In 2014, Gleneagles will for the first time host the Ryder Cup, the biennial golf match between Europe and the United States, at which point you will see 942 Bentleys in its car park instead of the usual 127. This event will be played on its PGA Centenary course, the newest and longest of its three championship 18-holers. Those hoping to traverse this layout without a buggy should be warned that many of the walks between greens and tees are equal to the combined length of Nick Faldo’s four gardens. As its deep rough swallowed up £20-worth of my ball supply, I peered longingly at fairways belonging to the more sweet-natured King’s and Queen’s courses. An assistant pro, an urbane man at the hotel reception desk and an astonishingly attentive caddie, Mickey, all told me they liked the Centenary course least, and it was interesting to see that when Colin Montgomerie, Europe’s next Ryder Cup captain, teed off for a practice round just before me, he did so on the King’s. As one of the course marshals said: “Jack Nicklaus built the Centenary course but God built the other two.”

If so, who built St Andrews? The terrain’s natural aptness for golf is such that, when I see a round, bright white, dimpled mushroom growing out of the third fairway, it does not seem remotely freakish. Golf, or something closely approximating it, has been played here since the 1400s. Since the Society of St Andrews Golfers was founded in 1754, amazingly little about the course has been altered. One big addition is the Old Course Hotel, built in 1968, which provides my stylishly retro accommodation for the night and makes the tee shot at the 17th a heart-in-the-mouth challenge. The missing roof tiles and dented window frames tell the story of innumerable sliced drives.

That aside, the Old Course is pretty much the same place that men in jackets and ties played a hundred and more years ago: nine holes out towards the sea, nine holes back. The shared fairways (the 1st is also the 18th, the 2nd the 17th, and so on) seem like a recipe for sore heads but somehow it all works.

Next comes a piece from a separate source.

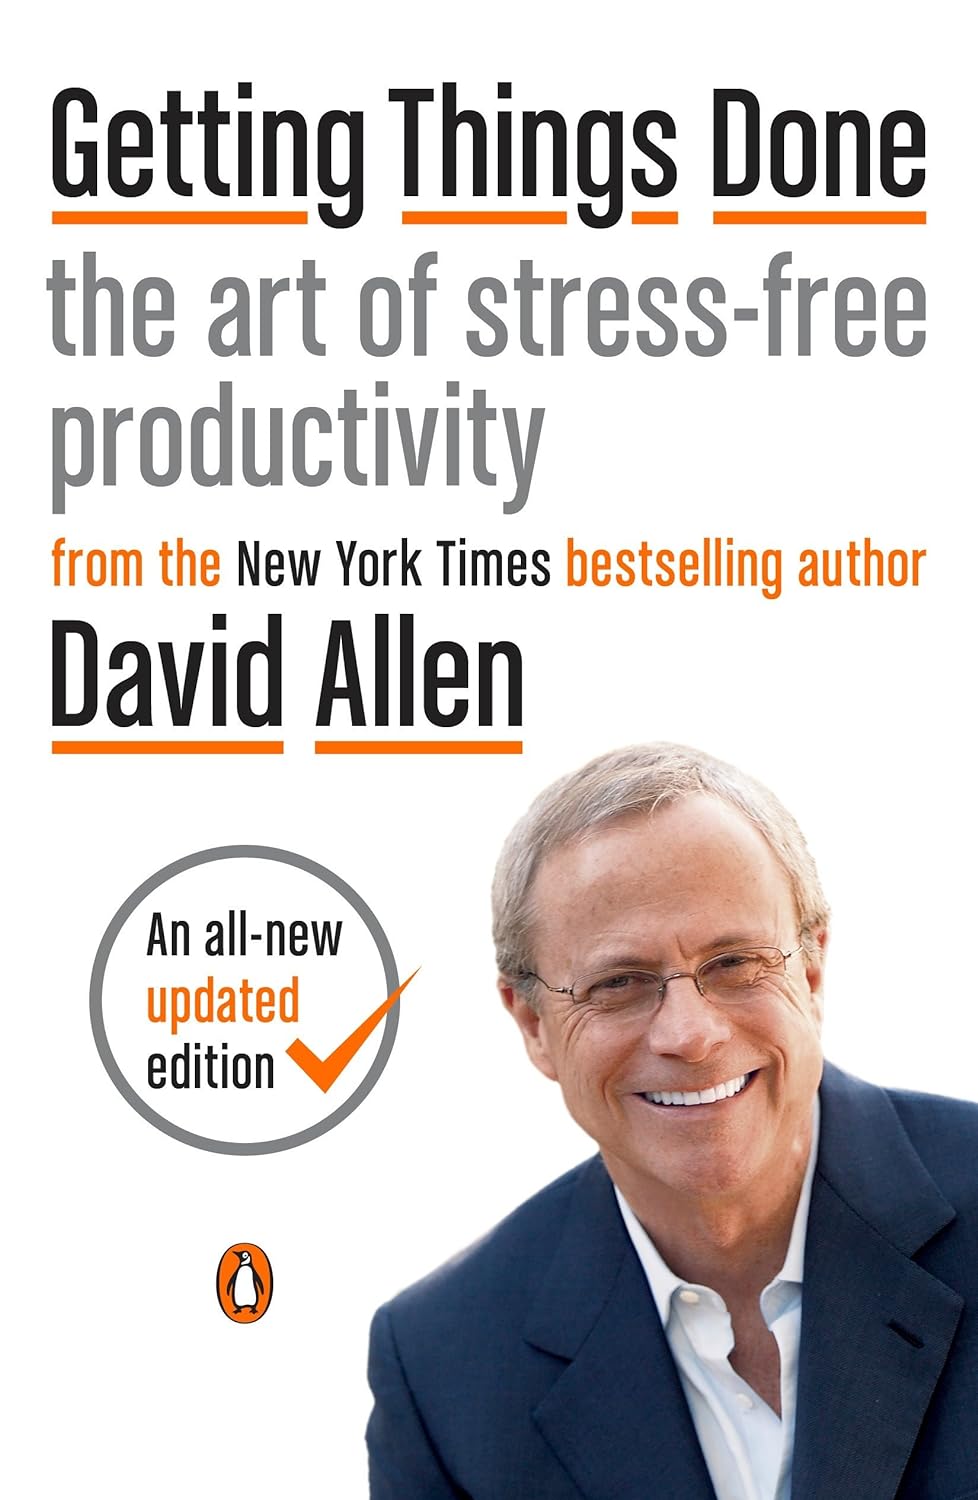 Affiliate link to the book Getting Things Done: The Art of Stress-Free Productivity by David Allen
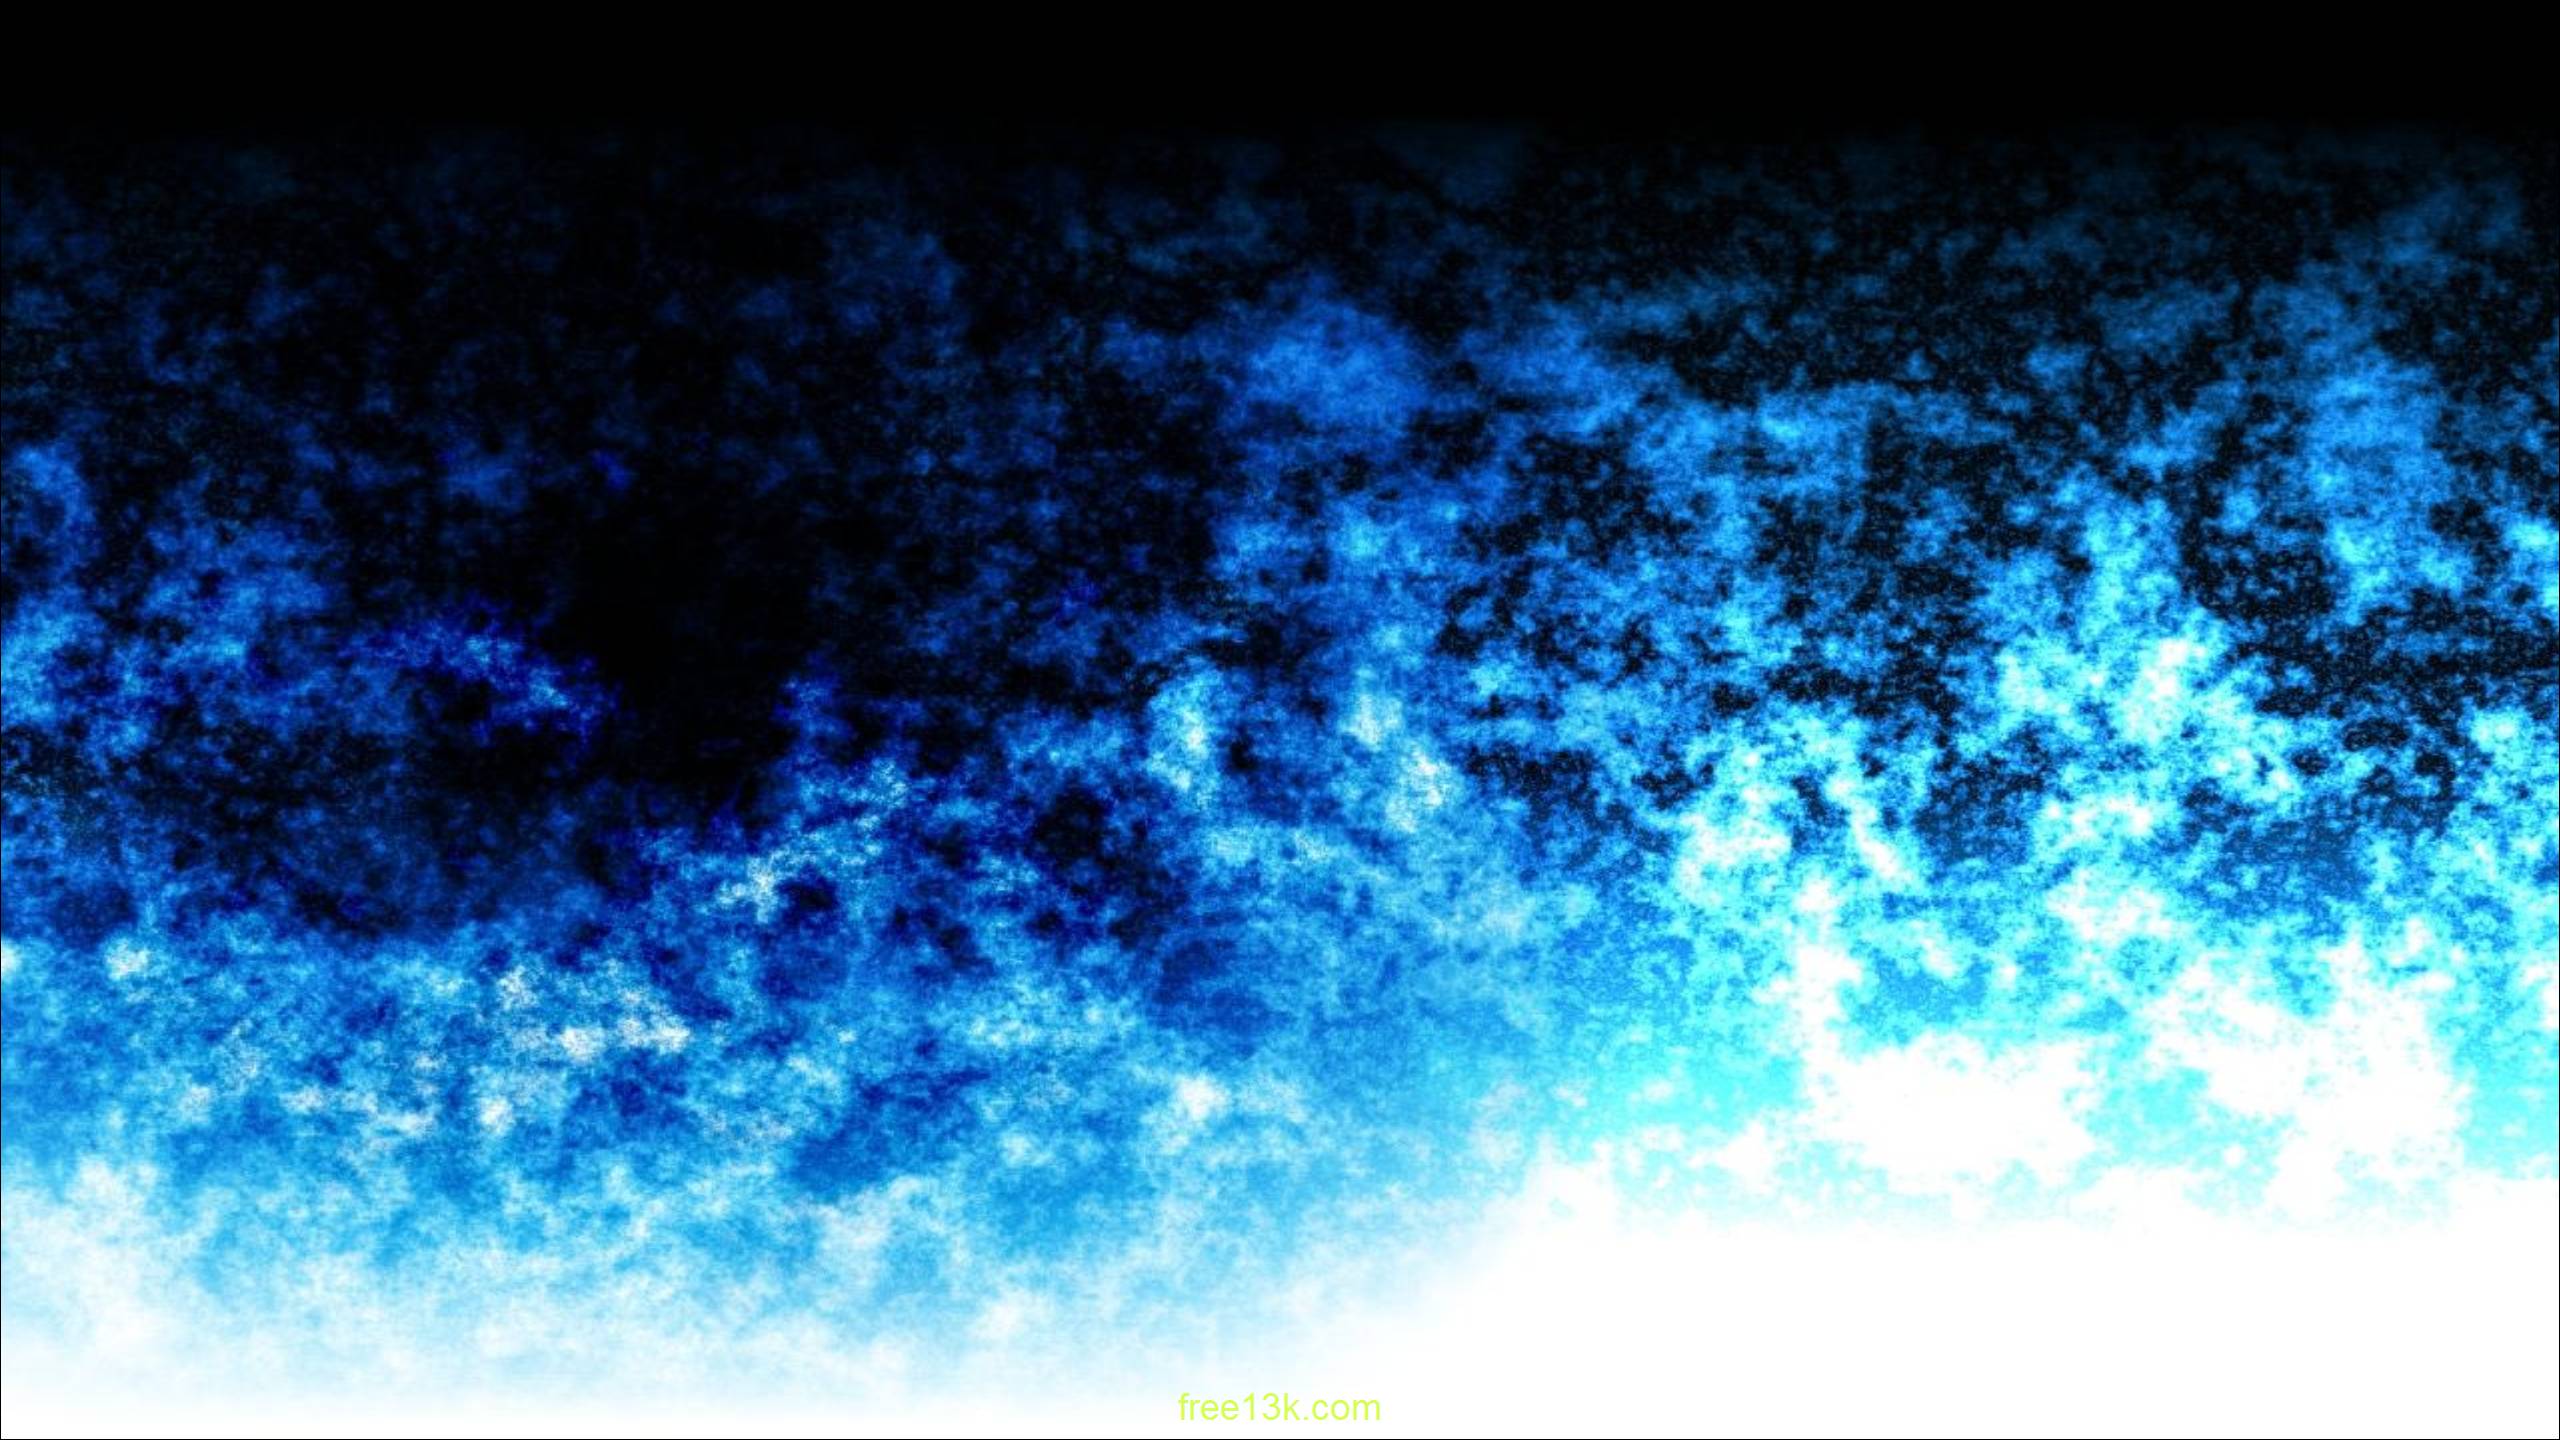 Free Download Download Cool Blue Abstract Frames Flames 2560x1440 Hd Wallpaper 2560x1440 For Your Desktop Mobile Tablet Explore 38 Cool Wallpapers 2560 X 1440 2560 X 1440 Desktop Wallpaper 2560 X 1440 Phone Wallpaper 2560 X 1440 Tumblr

The town itself is undoubtedly touristy, but beyond the endless golfing memorabilia, it’s very folksy. Neil and my other playing partner, Gordon, St Andrews’ links superintendent, make fun of me for buying balls with the club logo on them, and relate the fibs the caddies tell gullible American visitors, including one about the flag mast on the 18th (which is actually from the Cutty Sark) being part of a ship that once washed up there in a storm.

Spend a few hours here, and it soon becomes clear that it is neither the R&A nor the visitors, nor the members of the various St Andrews clubs – there are seven different courses – that are the place’s lifeblood; it is the caddies. Each earns £40 per round, £5 of which goes to St Andrews itself, and they must often get up at 3.30am in order to be sure of a day’s work. The tips, though, are good. The actor Bill Murray gave Neil £250 when he hauled his bag. “He did insist that I let him call me ‘Muscles’, though.”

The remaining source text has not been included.